* [Exercise data]

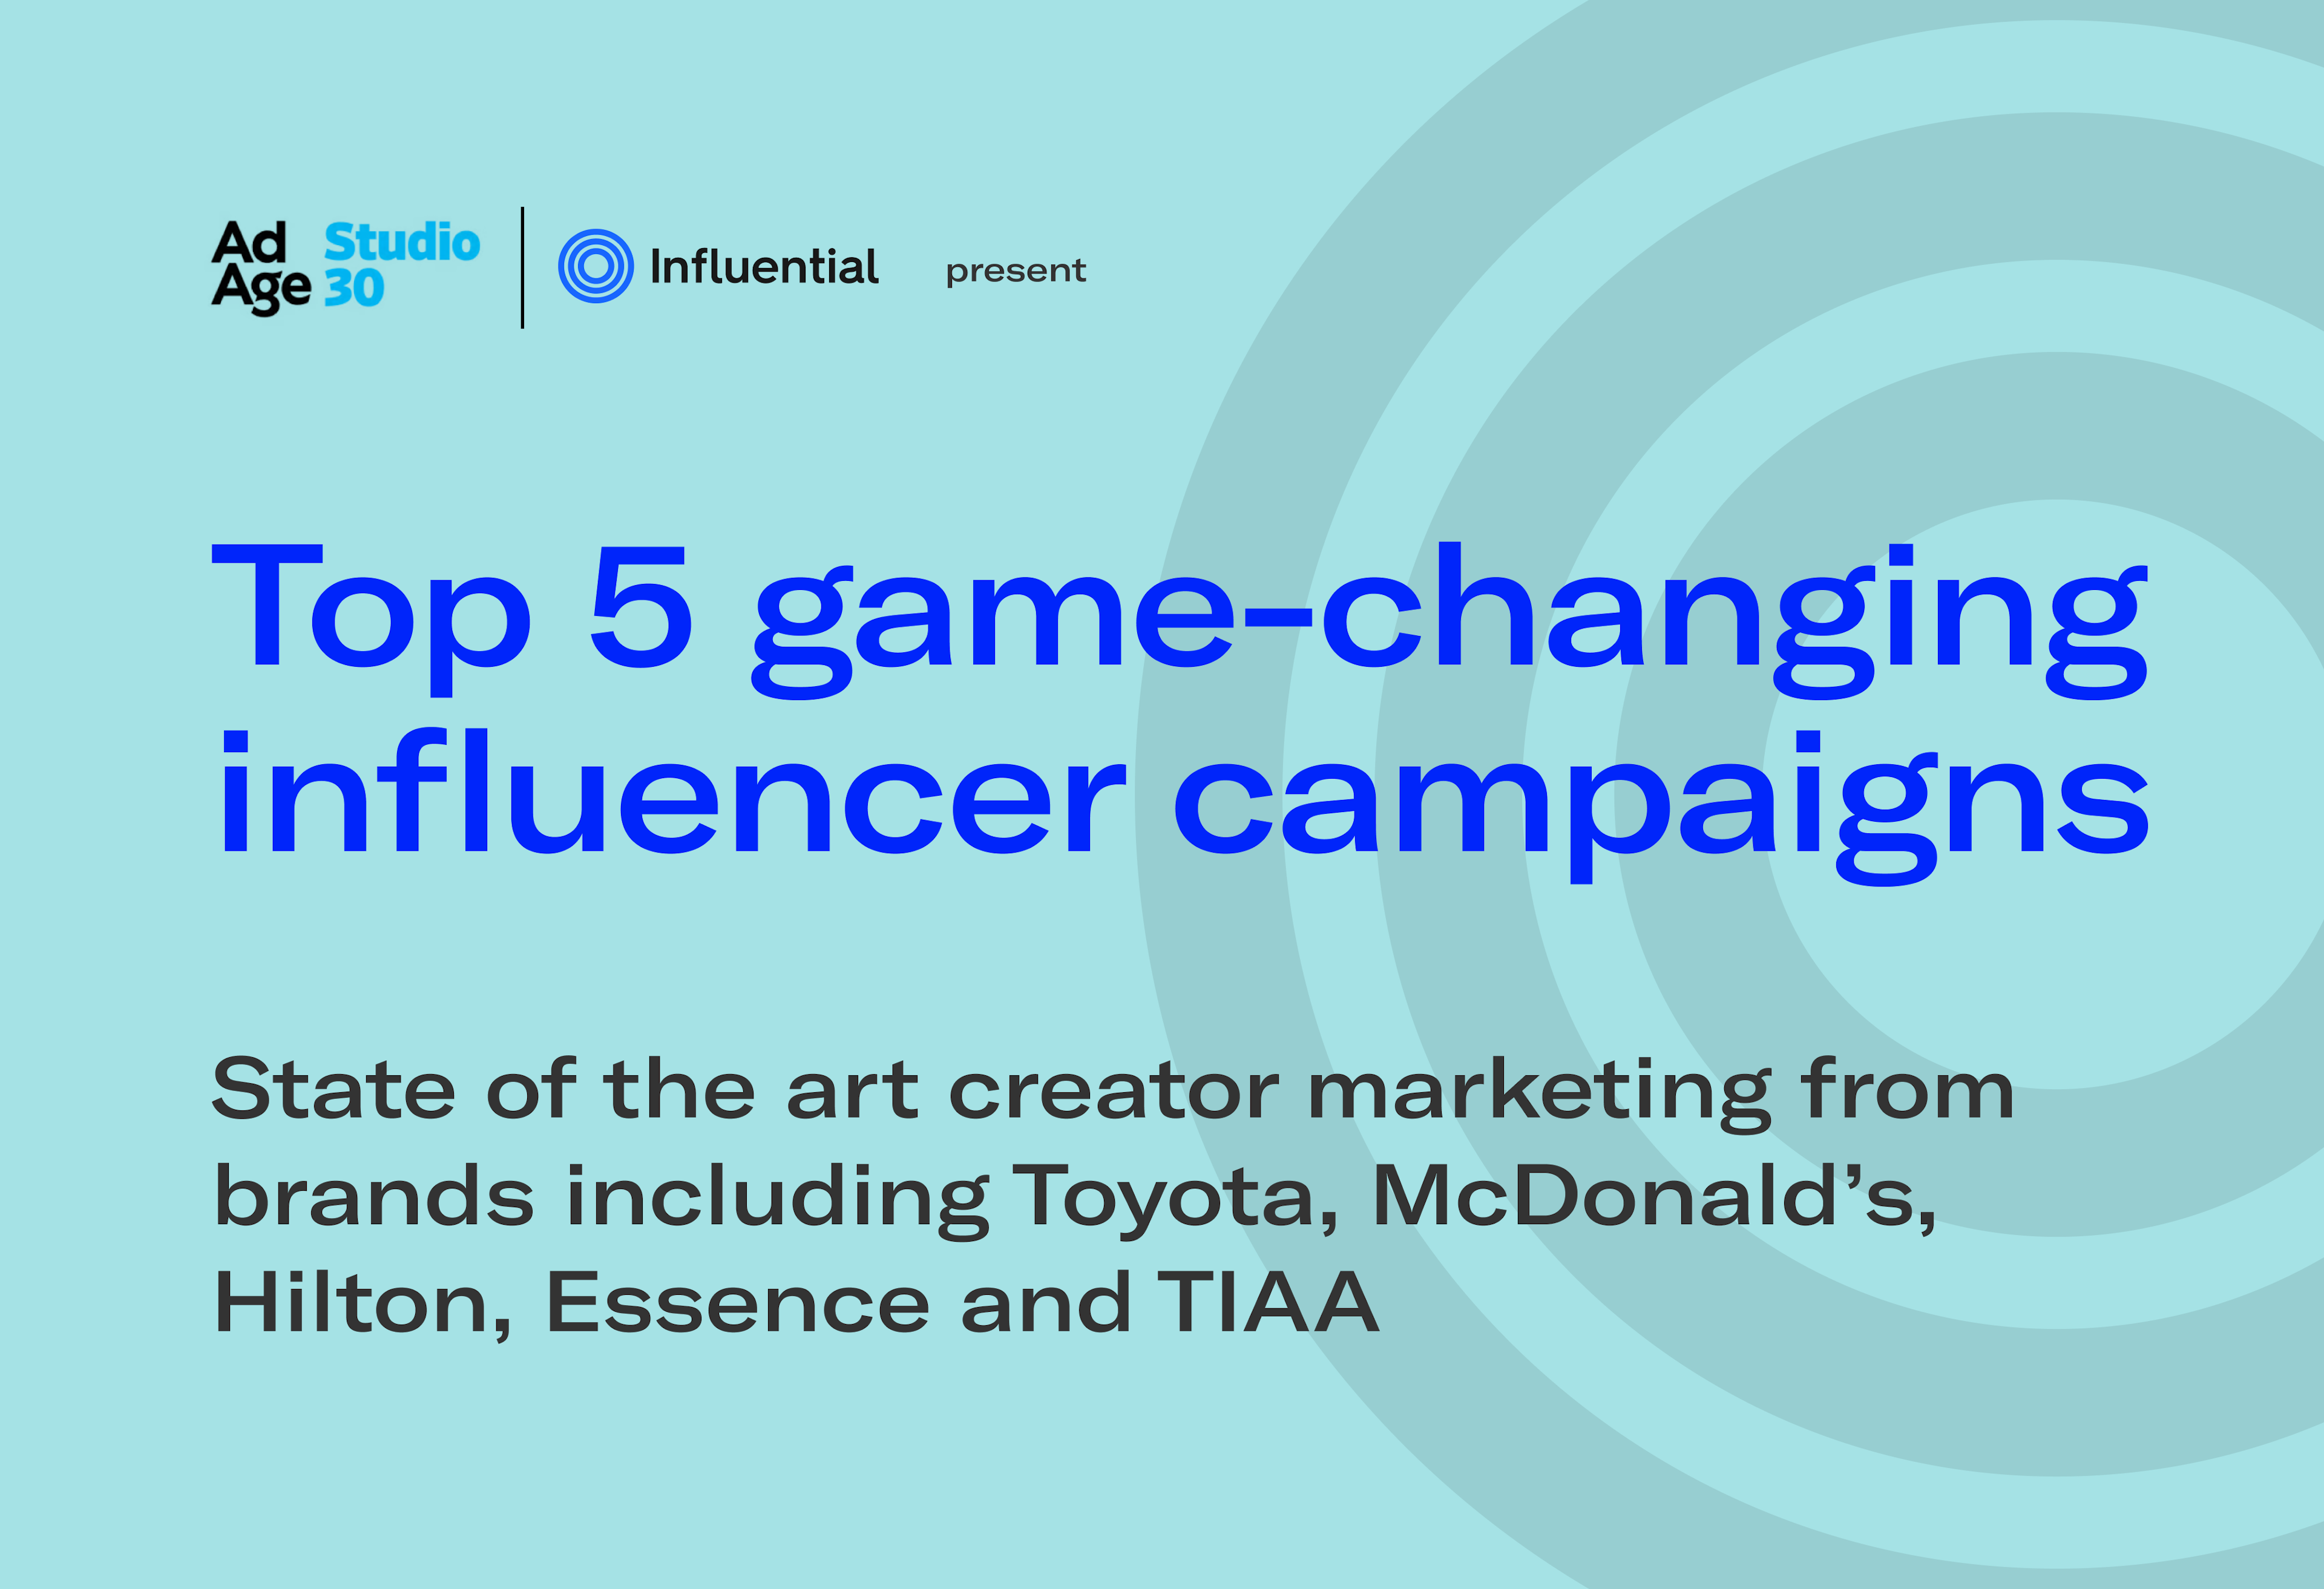 Top 5 Game-Changing Influencer Campaigns
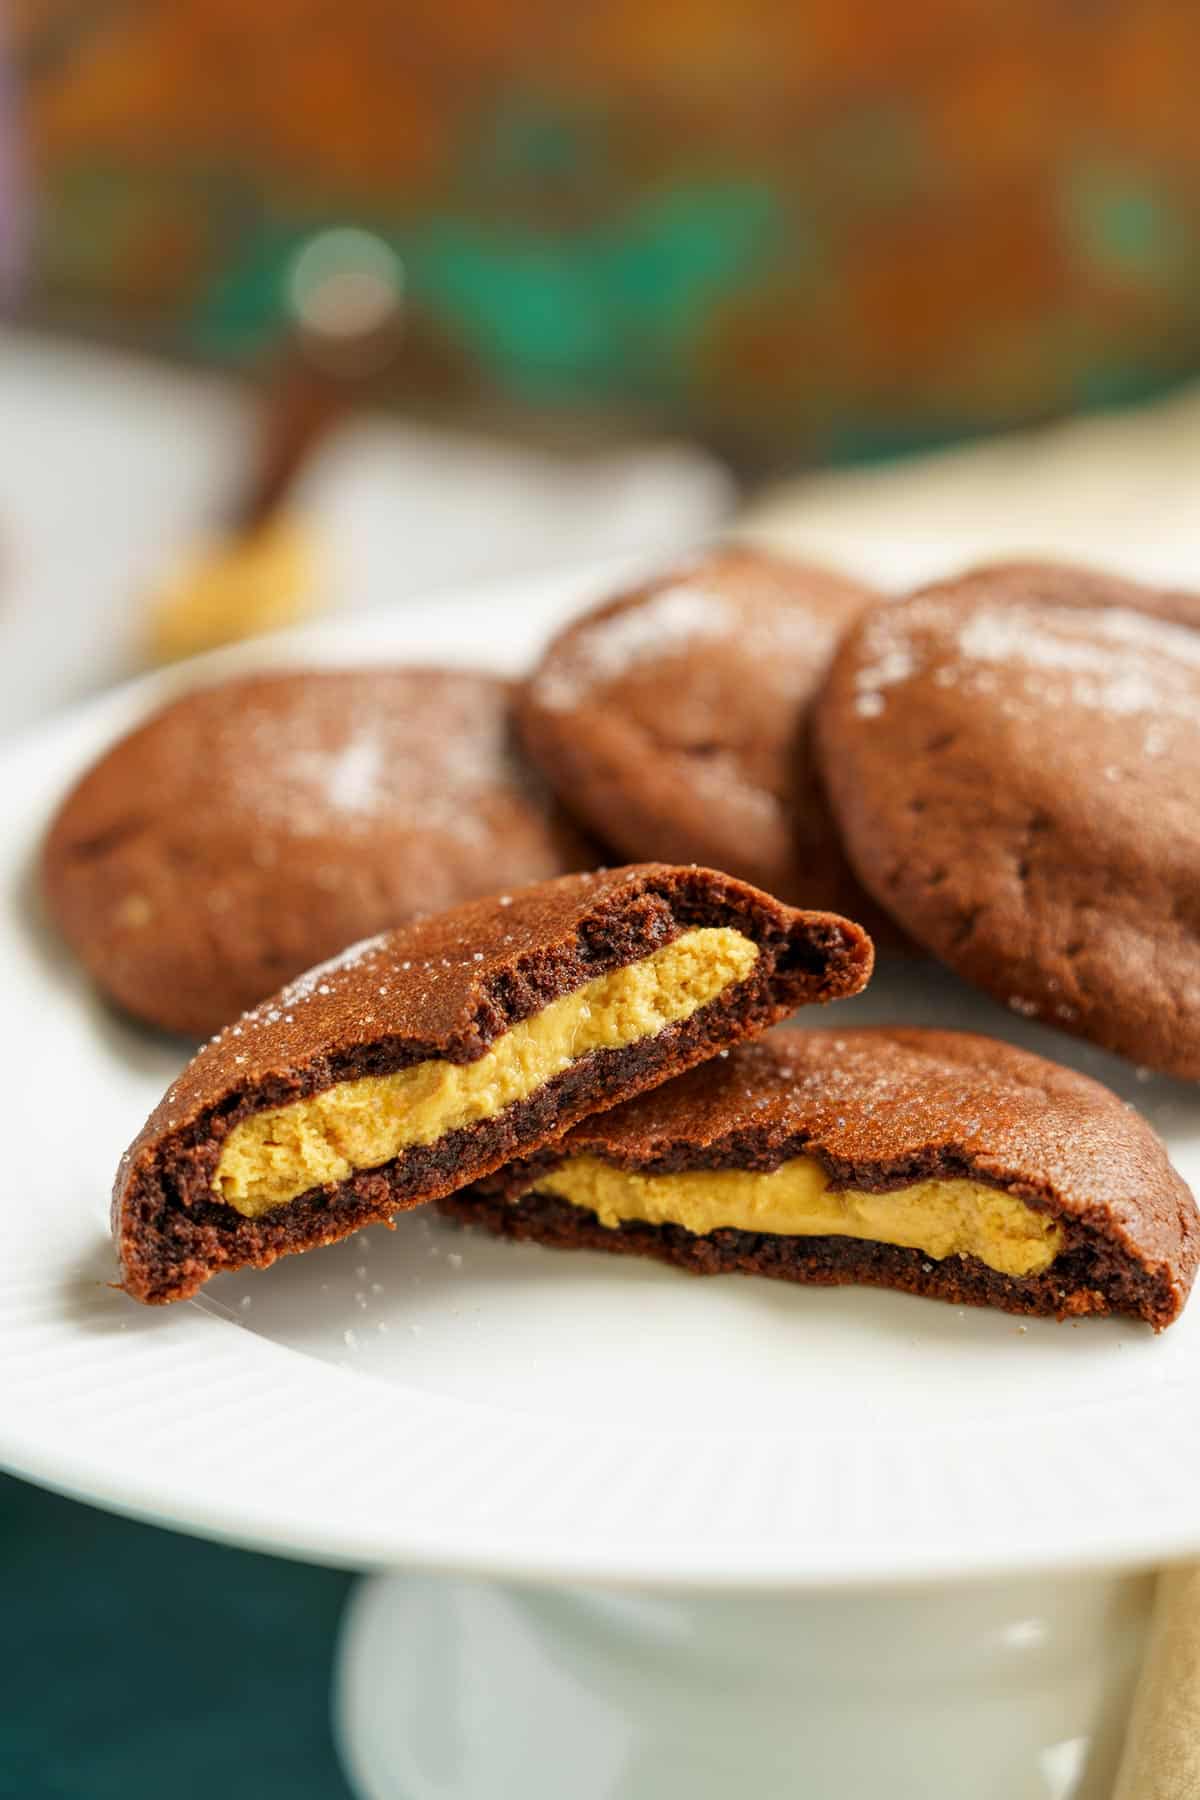 Full feature image of a split peanut butter stuffed chocolate cookie on a white plate.
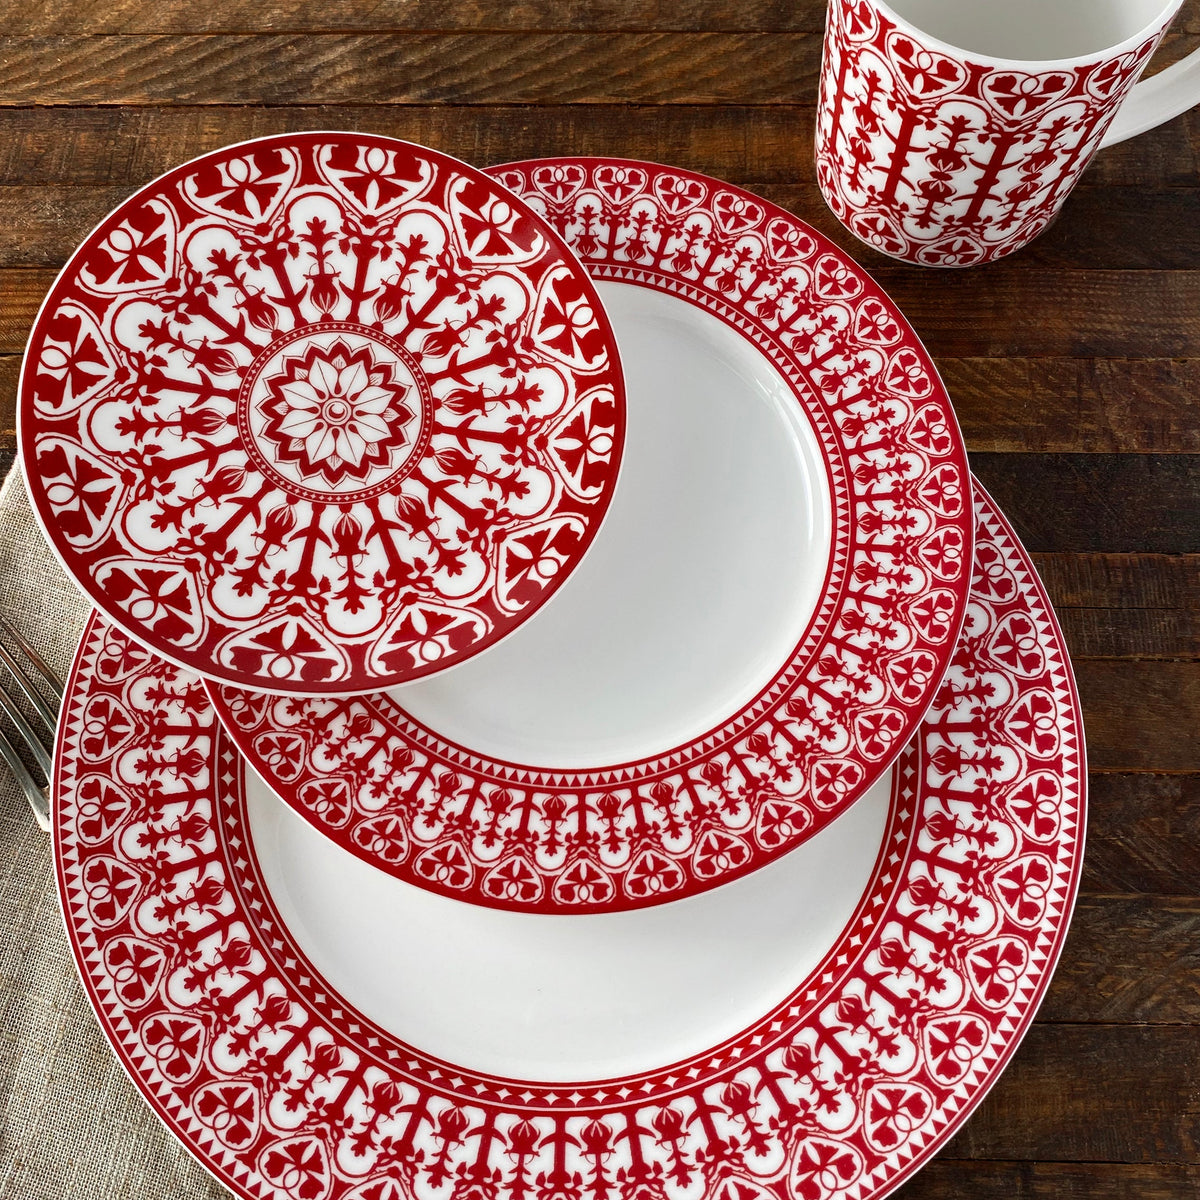 A table setting with heirloom-quality white and red patterned Casablanca dinnerware, including Caskata Artisanal Home Casablanca Crimson Small Plates, salad plate, bowl, and cup arranged neatly on a wooden surface.

* [Task to complete] Omit the pictures, then retype the remaining material without a single change.

* [Problem solution]
 Top 5 Game-Changing Influencer Campaigns
 Full feature image of a split peanut butter stuffed chocolate cookie on a white plate.
 A table setting with heirloom-quality white and red patterned Casablanca dinnerware, including Caskata Artisanal Home Casablanca Crimson Small Plates, salad plate, bowl, and cup arranged neatly on a wooden surface.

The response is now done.